Хотя расхожие мнения современной психотерапевтической парадигмы напрямую заявляют о том, что, дескать, в первую оче­редь следует отыскать причину недуга и искоренить ее, чтобы наступило выздоровление, зададимся вопросом — а где гарантия того, что найденная причина действительно окажется истинной и изначально той, что обусловила появление проблемы? Раз. И два— кого следует считать критерием оценки истинности и причинности — пациента? психотерапевта? Оба они люди и, стало быть, субъективны. Следовательно, мнение каждого из них уже не истинно, хотя бы потому, что исходит из собственных представлений о мироздании, из личностного миропонимания. Кроме того, насколько мне известно, каждая из великого мно­жества целительствующих школ, что существуют в душеведении, именно свою концепцию полагает верной и фундаменталь­ной. Кому верить?

Как бы там ни было, в настоящее время существует лишь один путь, претендующий на отыскание травмирующей причины — через работу памяти — пусть такая работа и сти­мулируется различными методами —от психоанализа до гип­нотической регрессии.

Но разве способно наше воспоминание в точности воспро­извести реальное переживание? Какова доля нашего вообра­жения в процессе воспоминания?

Есть несомненная разница между сновидением и моим рас­сказом о сновидении. Когда мне говорят: «Расскажи, что тебе снилось», я отвечаю: «Я могу лишь рассказать о моем представ­лении о том, что мне снилось».

Если я сплю, то не могу рассказывать, а если рассказываю, то не сплю.

Таким образом прошлое навсегда остается недоступным для познания. Тогда о какой причине можно говорить?

Но с другой стороны, получается, что причина все-таки существует. Однако существует и возможность знания того, как она проявляется в конечном результате, то есть механизмы, которые преображают ее в тот или иной факт.

Например, мне известно, что Земля обладает некой силой притяжения, и эта сила предопределяет какие-то закономернос­ти существования физических тел. Но мне неведома причина того, почему именно таким количеством силы наделена наша планета и почему она вообще притягивает.

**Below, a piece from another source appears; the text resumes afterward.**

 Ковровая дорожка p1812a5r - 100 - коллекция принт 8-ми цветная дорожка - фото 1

Тем не менее той информации, которой я обладаю, мне достаточно, чтобы орга­низовывать свое собственное поведение в соответствии с заве­денным порядком, что позволяет в свою очередь избегать опре­деленных, а нередко и весьма существенных проблем. Я не стану задумываться о причинных сущностях гравитации на крыше двадцатиэтажного дома и уж тем более прыгать оттуда, чтобы убедиться в наличии гравитации или отсутствии таковой.

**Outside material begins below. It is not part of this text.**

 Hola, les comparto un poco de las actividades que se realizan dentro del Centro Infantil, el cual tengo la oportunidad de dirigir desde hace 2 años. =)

Кстати, прыгать в человеческие бездны нередко бывает не менее опасно. Но мы можем потревожить эти бездны и без головокружительных прыжков — посредством Слова.

В определении «информационно-суггестивный текст» скрывается некоторая тавтология. Во-первых, потому, что вся­кая информация суггестивна, то есть наделена способностью к влиянию. Во-вторых, любая суггестия информативна, так как содержит в себе сообщение. В-третьих, сам текст, даже если он представлен всего лишь одним словом, уже — информация и внушение одновременно.

И вместе с тем подобная формулировка кажется мне оправ­данной, постольку поскольку подчеркивает идею не просто воз­действия, а направленного воздействия. В этом смысле можно говорить о своеобразной психоактивности текста.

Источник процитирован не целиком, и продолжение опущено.